Herbfacts
A pile of salt with the word 'salt' written in

Q & A: What is the best way to avoid too much salt in your diet?

“I see that Salt Awareness Week starts on 9th March, which has made me think about my health. Unfortunately, both my parents died young of heart problems. Now that I am 30 I am very aware of risk factors as well as a possible pre-disposition to cardiovascular disease.  I think my diet is not too bad but would welcome any advice you can give me”

Clinical nutritionist, Suzie Sawyer, answers.

You are very sensible to be taking your health seriously at this stage in your life.  While cardiovascular disease can run in families, the good news is there’s plenty you can do to prevent it, including reducing your salt intake.

Why do we need salt?

Salt does get a bad press because too much in the diet can lead to high blood pressure, but only in people who are salt sensitive.  Sodium (salt) is a major component of all body fluids and, together with potassium, is key to maintaining equilibrium of electrolytes in the blood.  As with everything in the body, it likes to be in balance. Having too much salt in the diet will put more pressure on the kidneys, causing dehydration and making you feel tired and sluggish.
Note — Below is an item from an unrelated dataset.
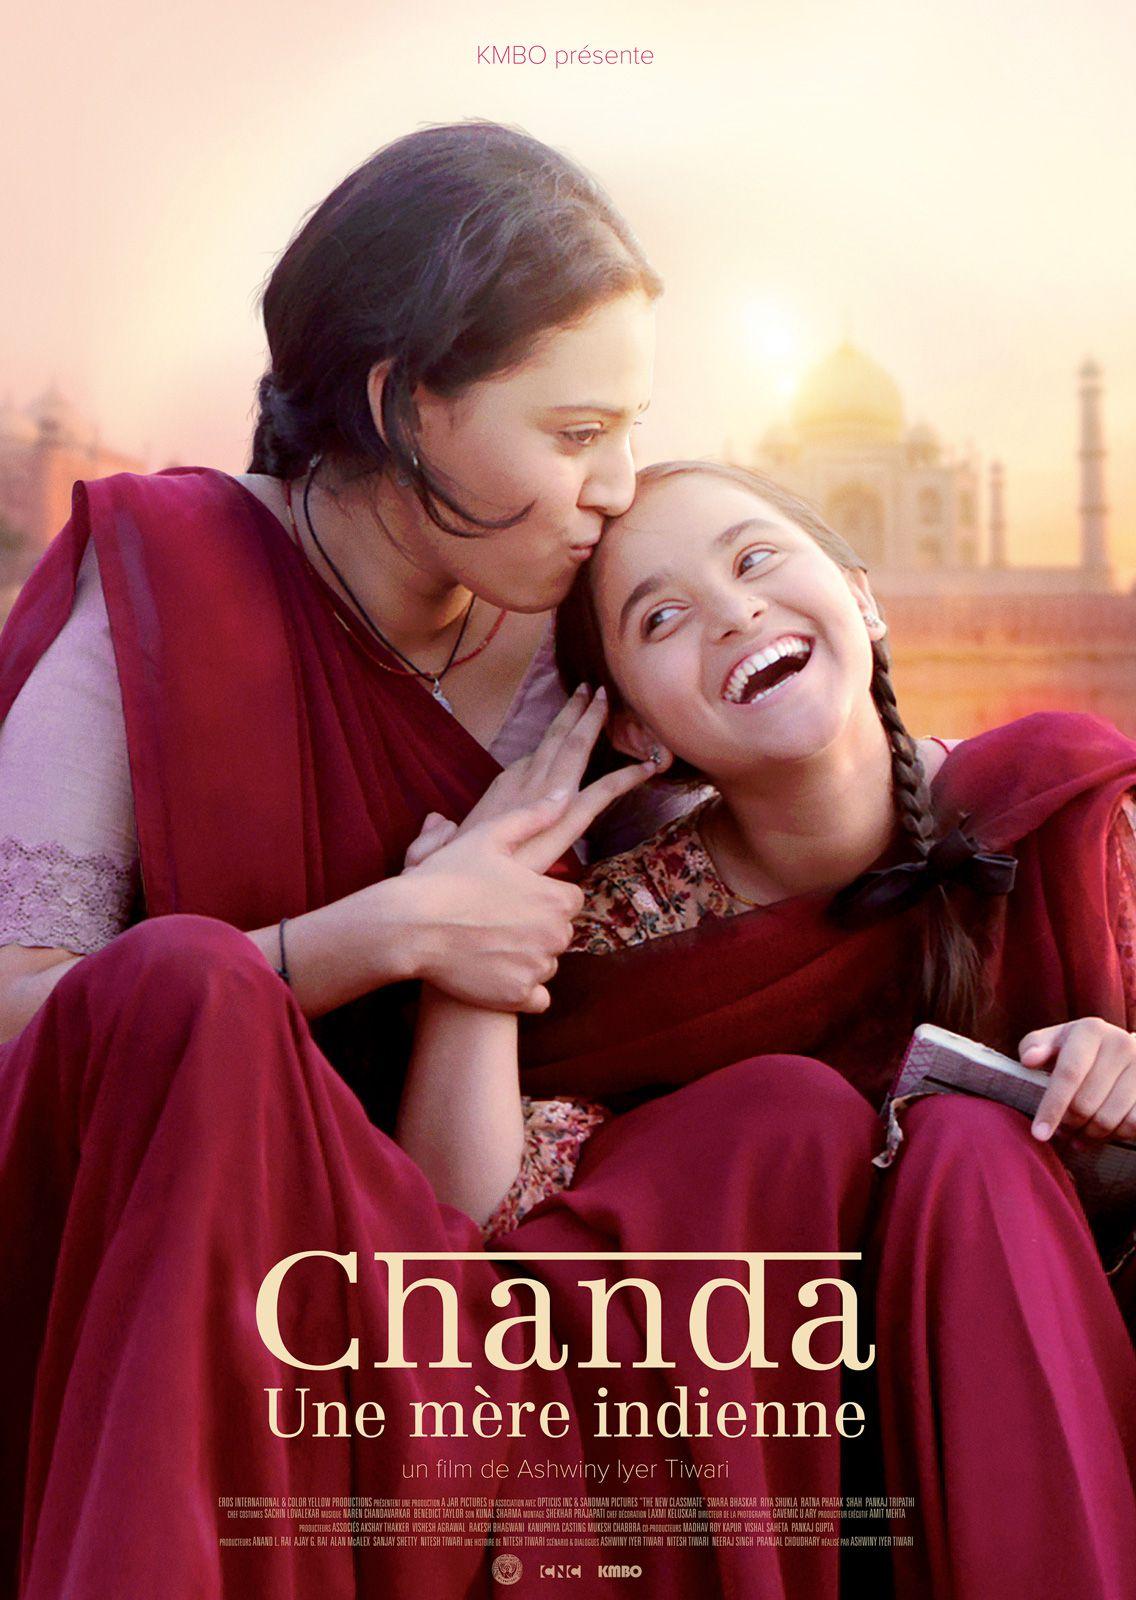 Torrent Un Indien Dans La Ville : torrent, indien, ville, Chanda,, Mère, Indienne, (2017), Torrent, Cpasbien

Healthy foods can contain sodium

Many foods which are very healthy and provide wonderful health benefits naturally contain sodium.  For example, the super food beetroot contains sodium, though beetroot juice has been found to reduce blood pressure.  Celery is also great for balancing blood pressure partly because it’s a diuretic, as are spinach and chard.

Foods to avoid

Issues arise when we eat too many processed meats such as salamis, ham, bacon, sausages and pre-packed meals.  Sodium nitrates are used to preserve these meats, which can cause allergies as well as raise blood pressure in susceptible people.  Pre-packed foods are high in salt, as are cereals, in order to make these products taste better.  Indeed, the main ingredient in monosodium glutamate, a popular additive in many commercial prepared foods, is salt.

General tips on how to manage salt intake

Public Health England advises eating no more that 6 grams of sodium daily.  I would also advise you aim for 5 to 10 portions of fruits and vegetables daily which are high in antioxidants and help support the heart. Reduce your intake of processed meats, cakes, biscuits and pre-cooked foods.  And finally try to eat foods as near to their natural state as possible and avoid adding extra salt to dishes.